But that does not mean that those issues will keep the Fed on hold

indefinitely.

Diverging from its usual characterization of the U.S. economy, the FOMC

said “recent global economic and financial developments may restrain economic

activity somewhat and are likely to put further downward pressure on inflation

in the near term.”

And while continuing to call risks to the outlook “nearly balanced,” the

FOMC took the unusual step of adding it “is monitoring developments abroad.”

Yellen’s comments were laced with explanations why the FOMC had to take

into account external factors and their financial reverberations. In her opening

statement, she said, “the outlook abroad appears to have become more uncertain

of late.”

“Heightened concerns about growth in China and other emerging market

economies have led to volatility in financial markets,” she continued.

“Development since our July meeting including the drop in equity prices, the

further appreciation of the dollar, and a widening in risk spreads have

tightened overall financial conditions to some extent.”
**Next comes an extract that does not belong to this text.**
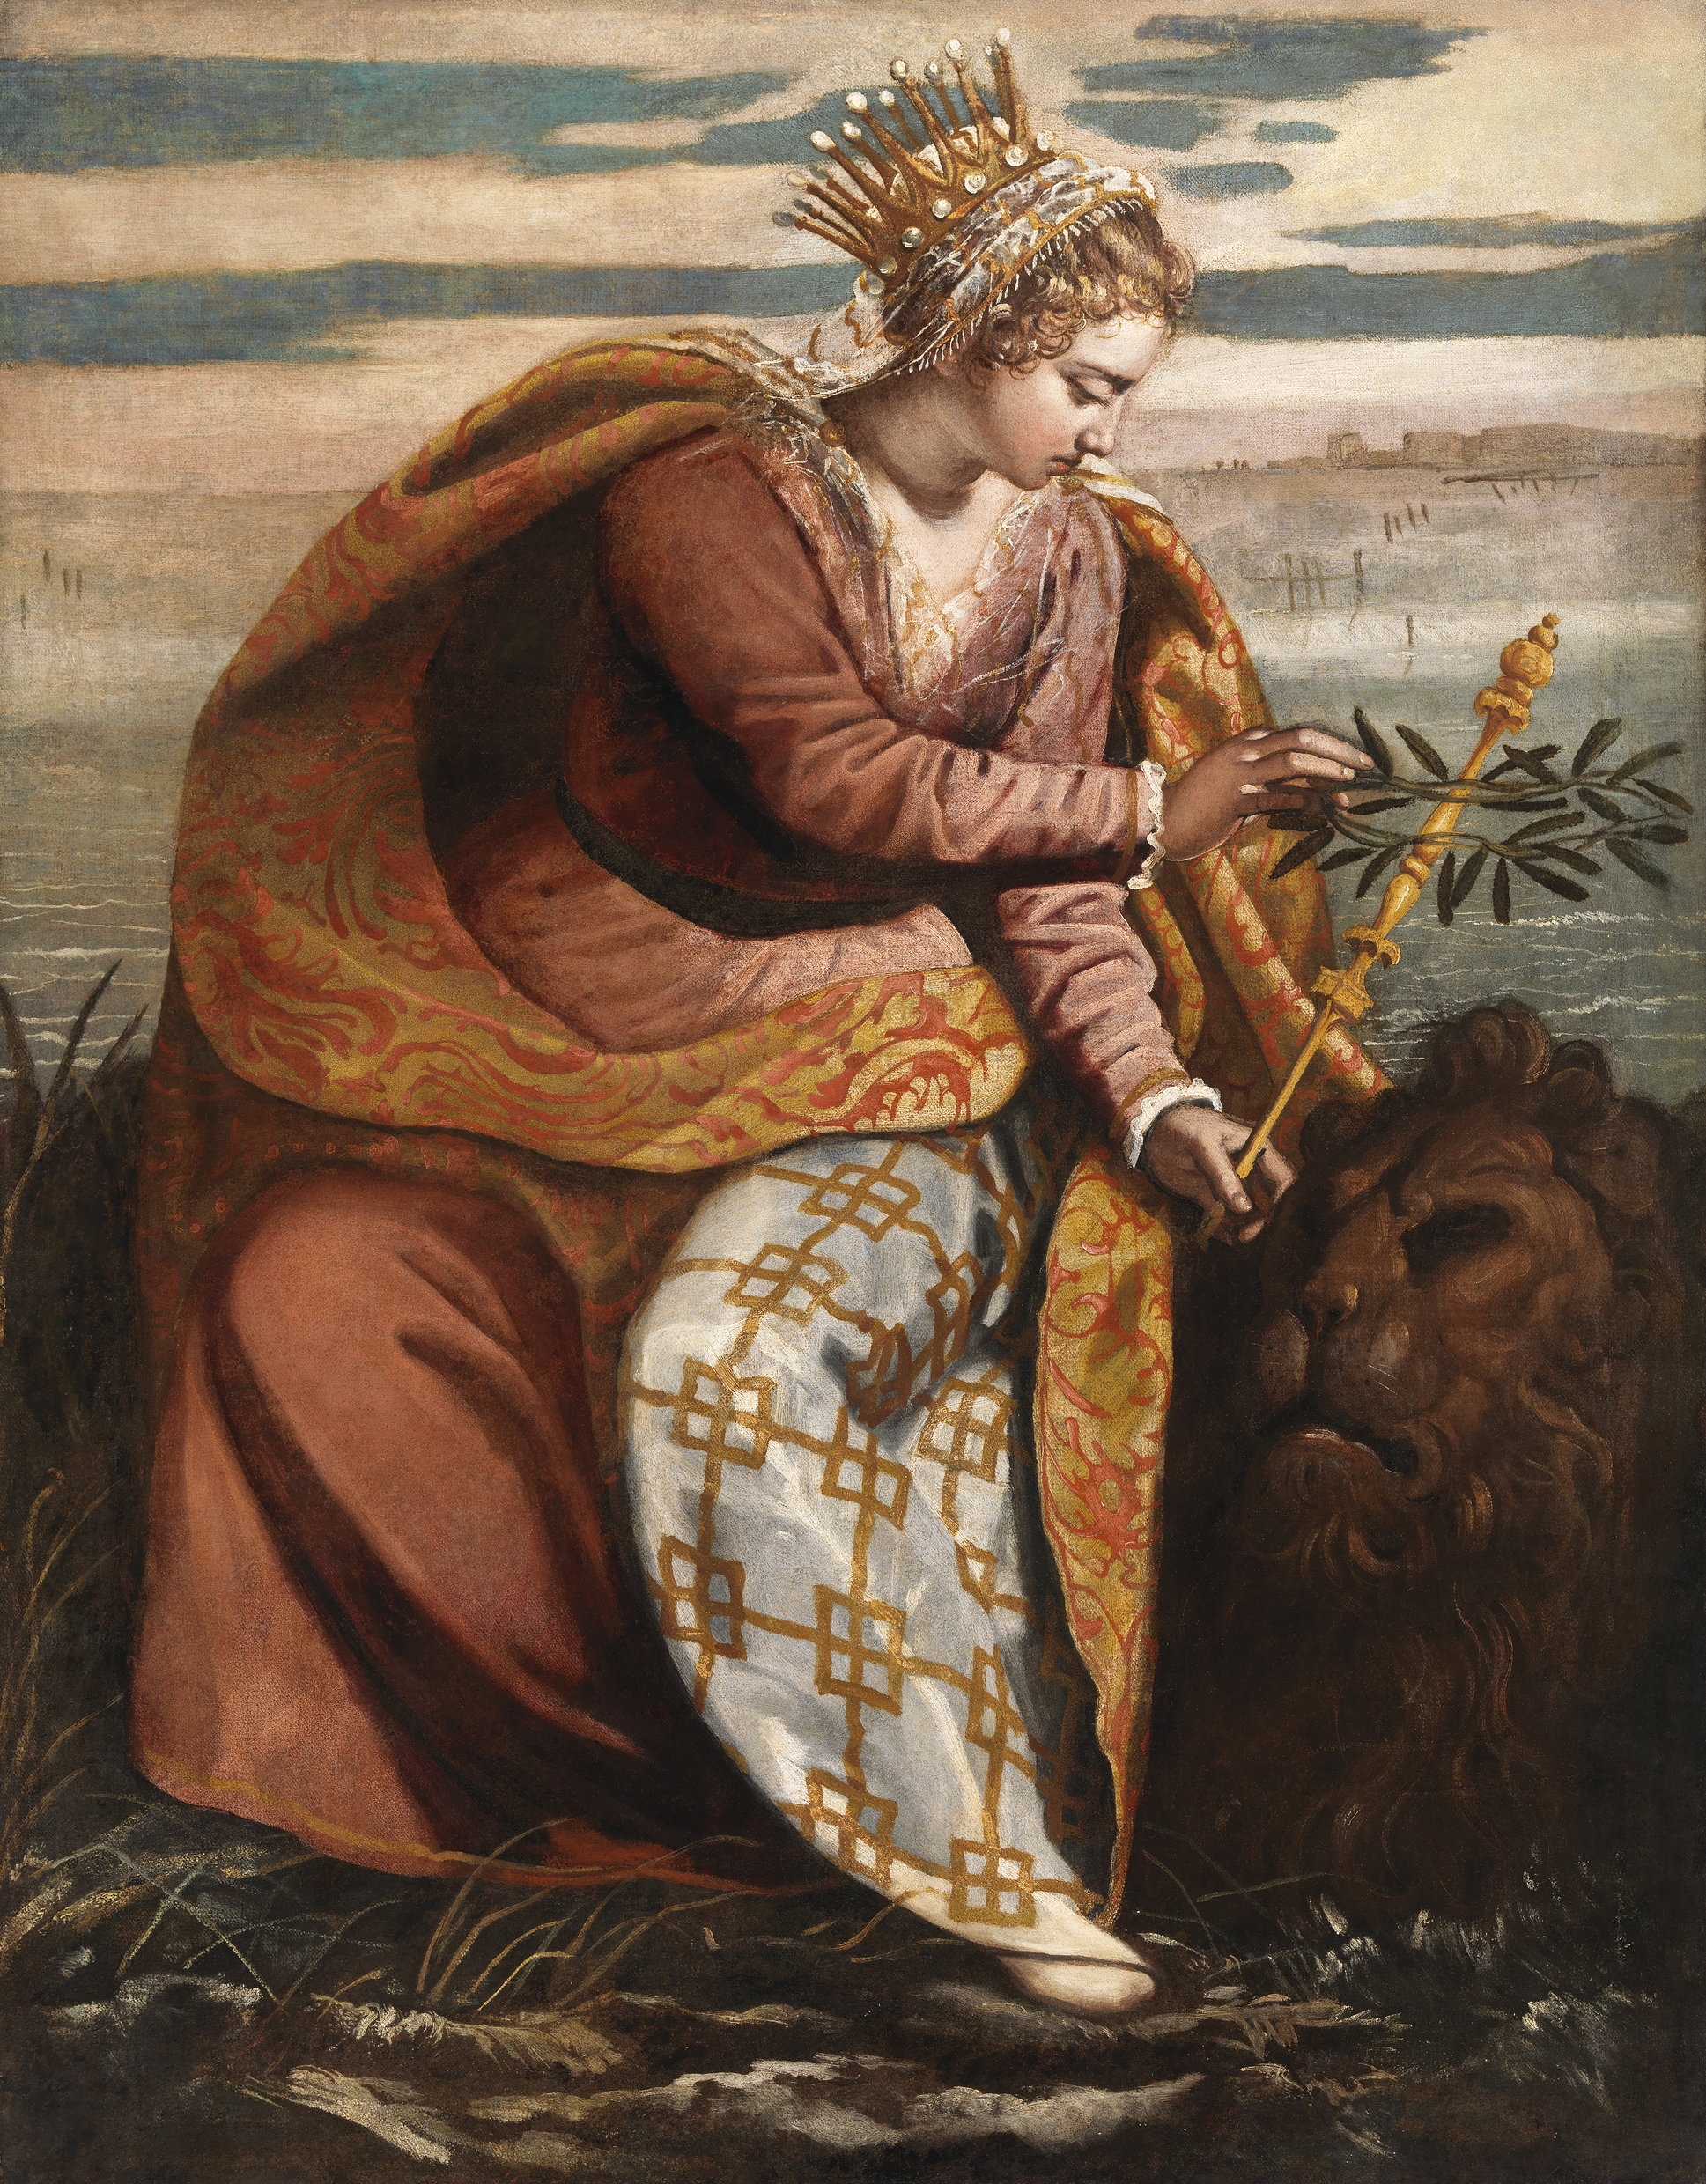 A woman wearing a crown sitting by the ocean crowns a lion with a laurel wreath

Yellen said “these developments may restrain U.S. economic activities

somewhat and are likely to put further downward pressure on inflation in the

near term. Given the significant economic and financial interconnections between

the United States and the rest of the world, the situation abroad bears close

watching.”

Yellen said the FOMC discussed a possible rate hike, but “in light of the

heightened uncertainties abroad and the slightly softer expected path for

inflation, the committee judged it appropriate to wait for more evidence,

including some further improvement in the labor market, to bolster its

confidence that inflation will rise to 2% in the medium term.”
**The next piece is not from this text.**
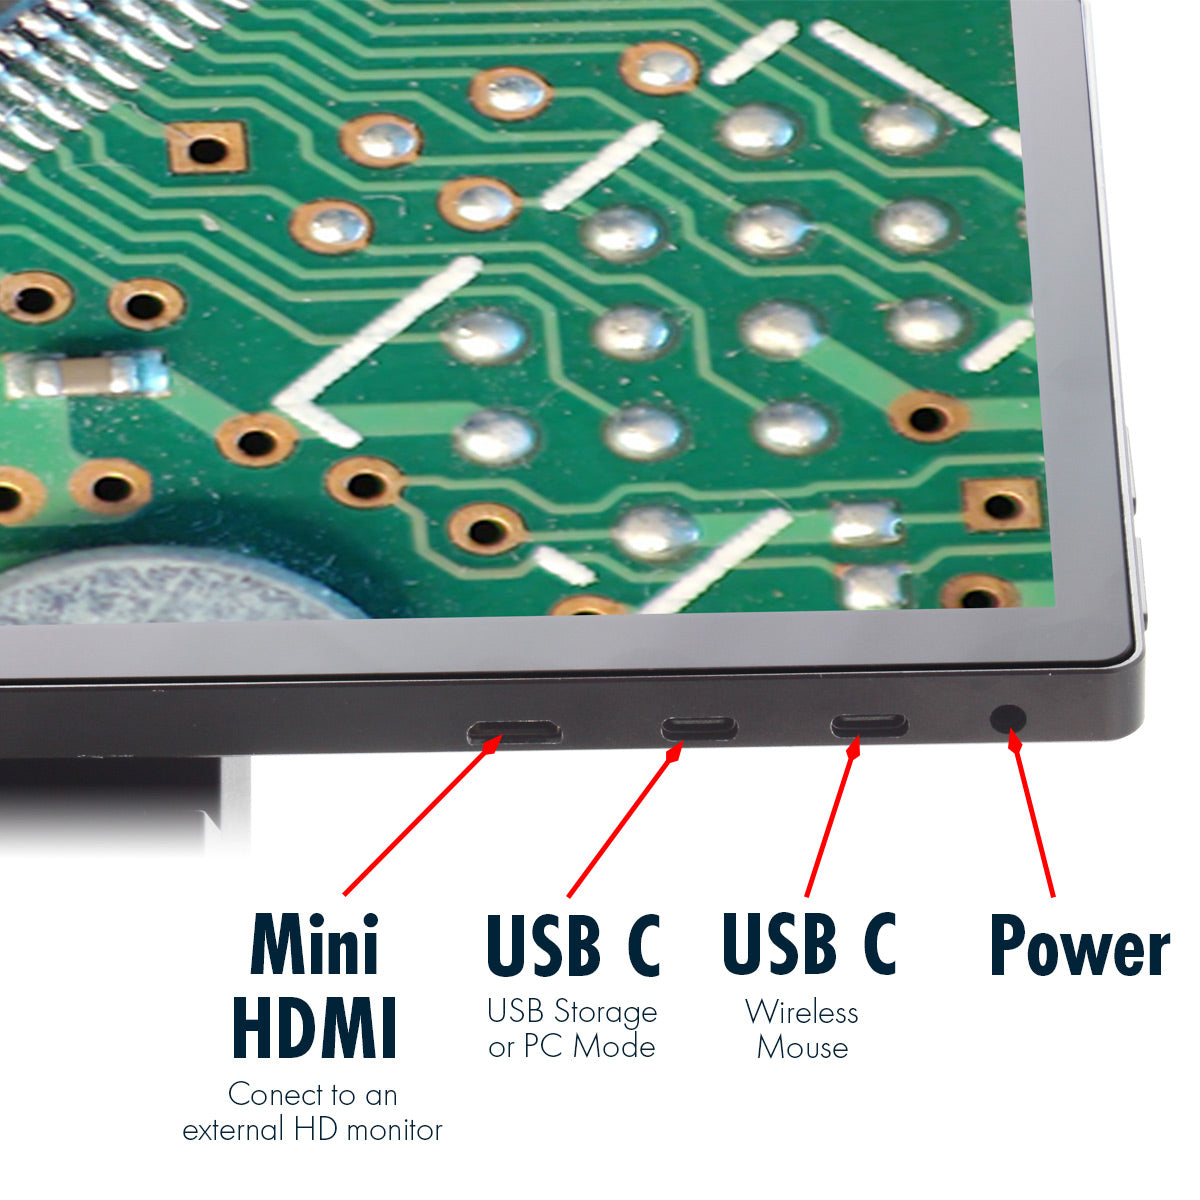 USB and HDMI

Elaborating, Yellen acknowledged the FOMC had “focused particularly on

China and emerging markets.”

She said the Fed has “long expected… some slowing in Chinese growth over

time as they rebalance their economy,” but said “the question is whether or not

there might be a risk of a more abrupt slowdown than most analysts expect.”

“And I think developments that we saw in financial markets in August in

part reflected concerns that there was downside risk to Chinese economic

performance and perhaps concerns about the deftness with which policymakers were

addressing those concerns,” she said.

“In addition we saw a very substantial downward pressure on oil prices in

commodity markets, and those developments have had a significant impact on many

emerging market economies that are important producers of commodities as well as

more advanced countries including Canada which is an important trading partner

of ours that’s been negatively affected by declining commodity prices, declining

energy prices.”

Yellen observed “we have seen significant outflows of capital from those

countries, pressures on their exchange rates and concerns about their

performance going forward so a lot of our focus has been on risks around China,

but not just China, emerging markets more generally and how they may spill over

to the United States.”

The Fed chief insisted she and her colleagues “don’t want to really respond

to market turbulence” and “it is certainly not our policy to do so.”
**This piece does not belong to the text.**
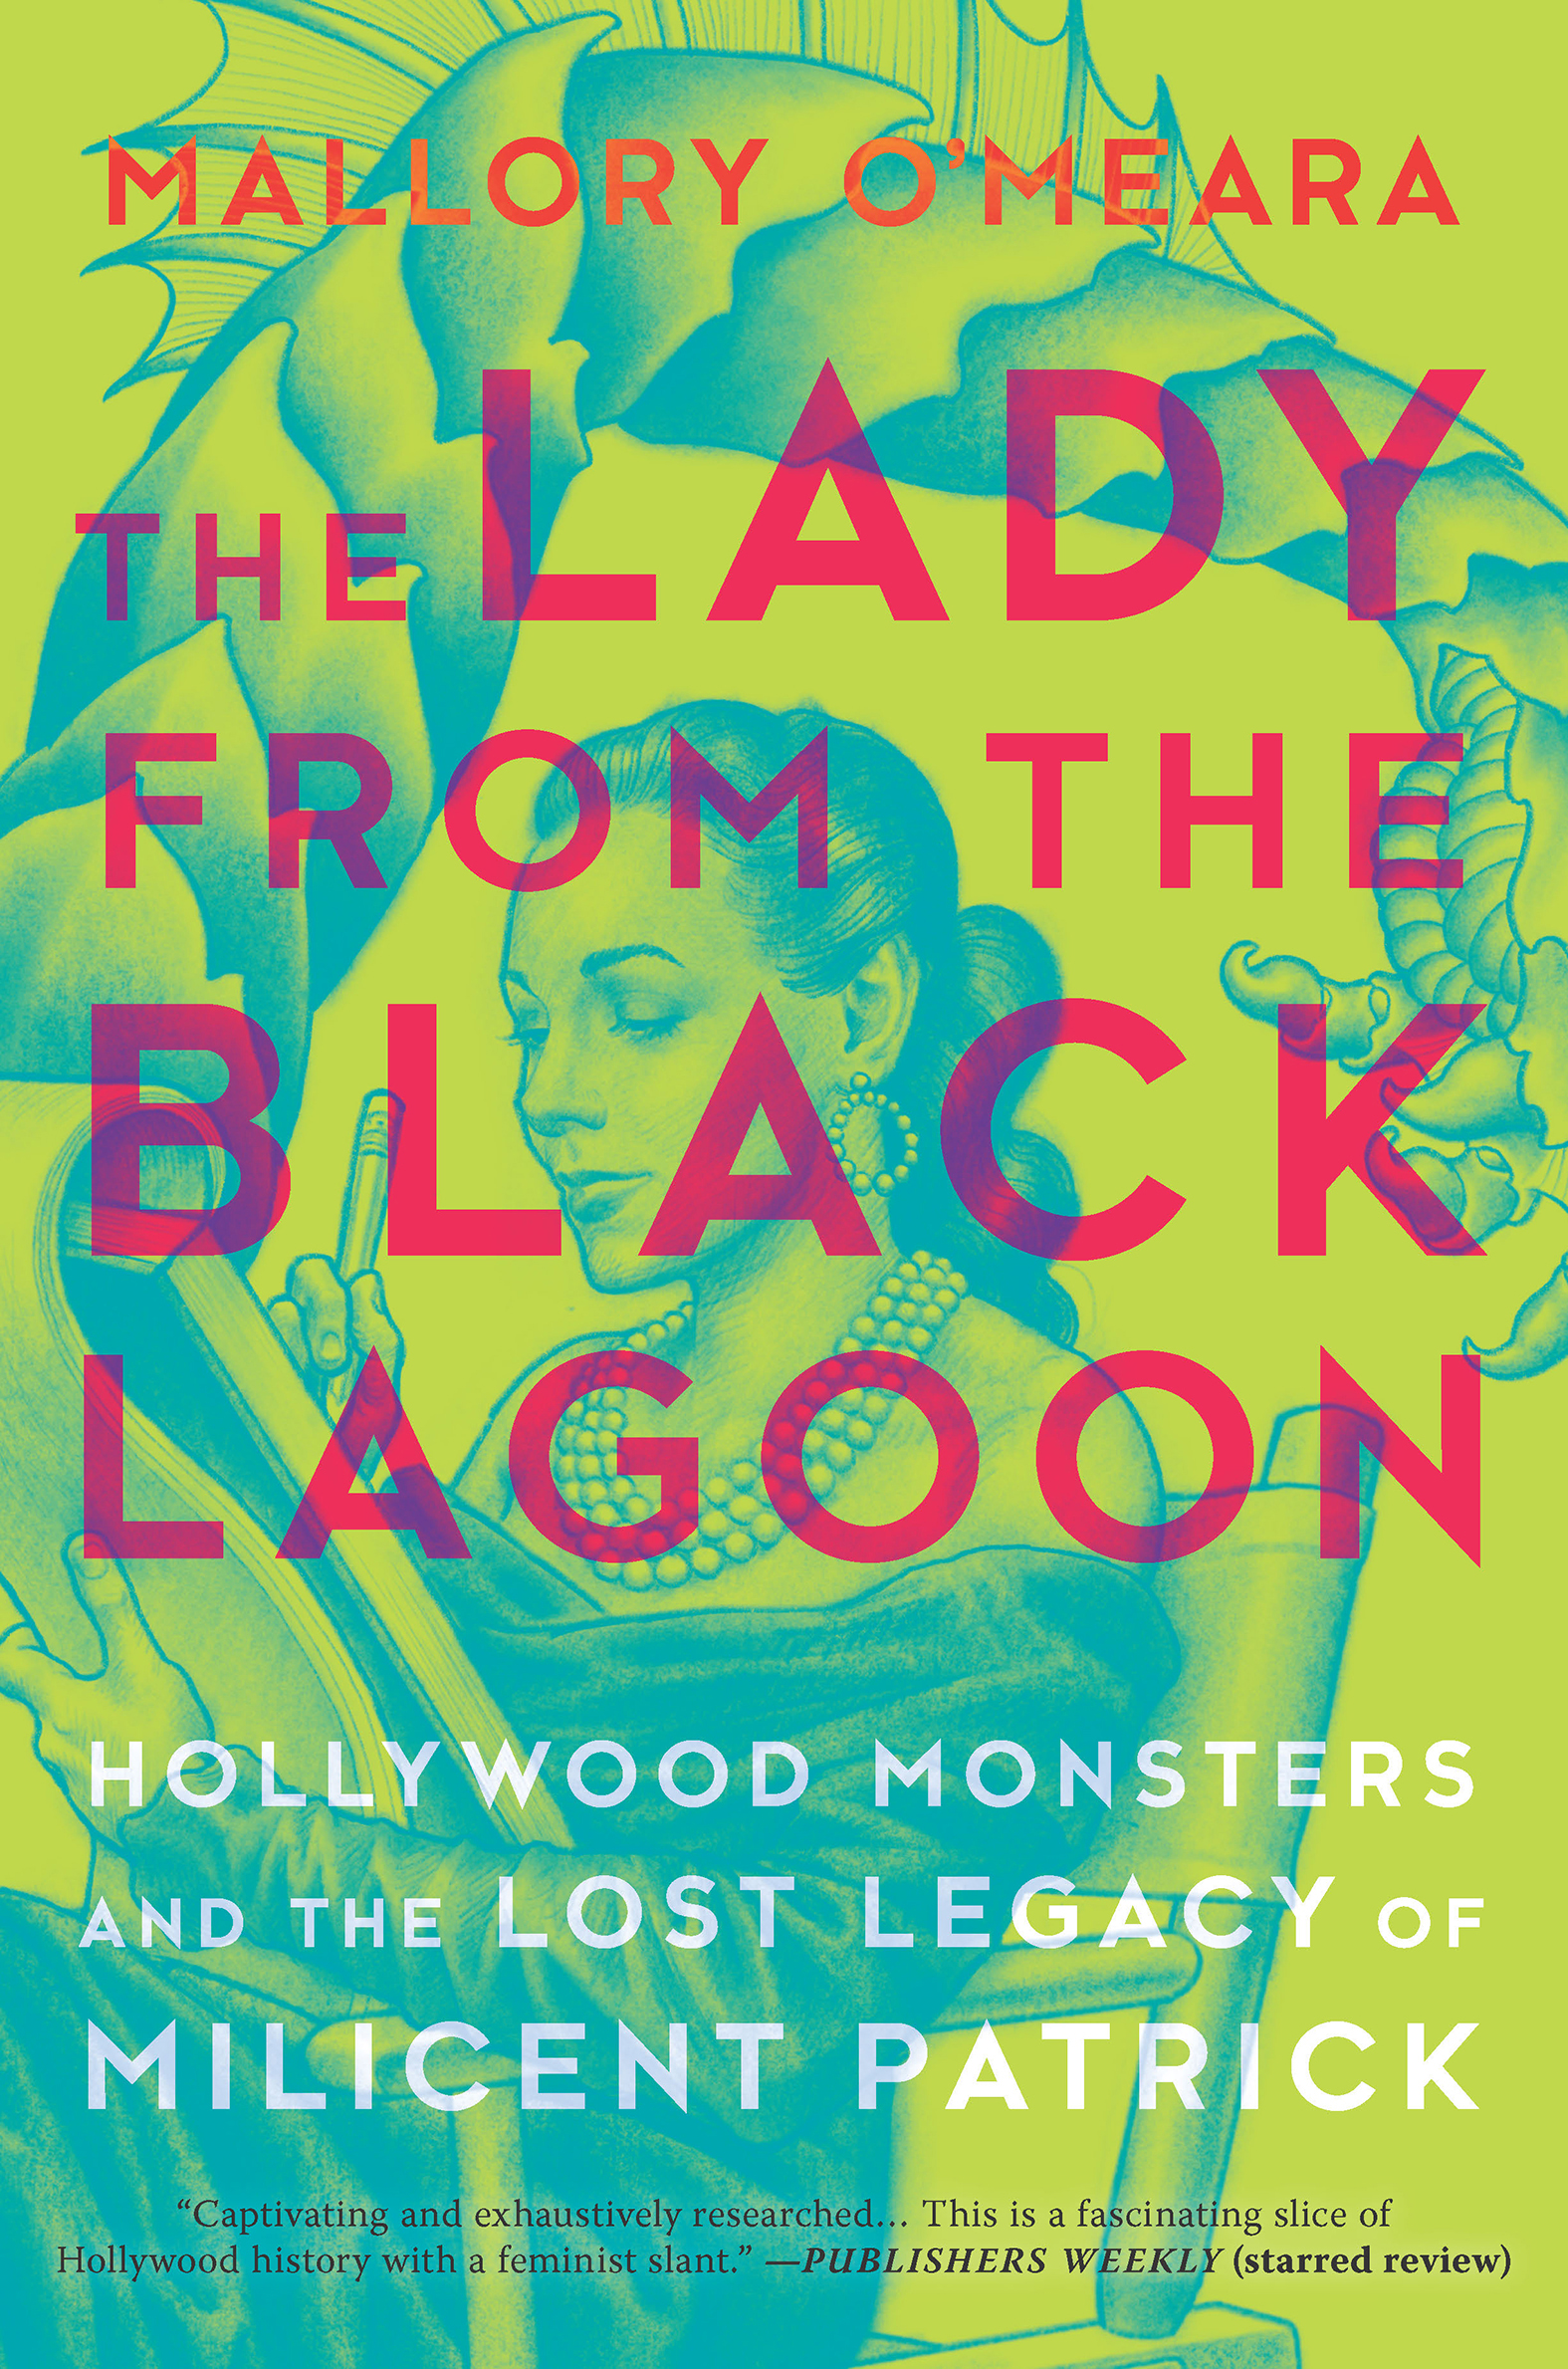 Image de couverture de The Lady from the Black Lagoon [electronic resource] : Hollywood Monsters and the Lost Legacy of Milicent Patrick

“But when there are significant financial developments, it’s incumbent on

us to ask ourselves what is causing them,” she said. “And of course while we

can’t know for sure, it seemed to us as though concerns about the global

economic outlook were drivers of those financial developments.”

But while she repeatedly explained why the FOMC had to “take into account”

global and financial developments, Yellen also took pains to remind reporters

they are not the only things it will be looking at.

“Now, I do not want to overplay the implications of these recent

developments, which have not fundamentally altered our outlook,” she said. “The

economy has been performing well, and we expect it to continue to do so.”

Yellen said “it remains the case that the timing of the initial increase in

the Federal funds rate will depend on the committee’s assessment of the

implications of incoming information for the economic outlook.”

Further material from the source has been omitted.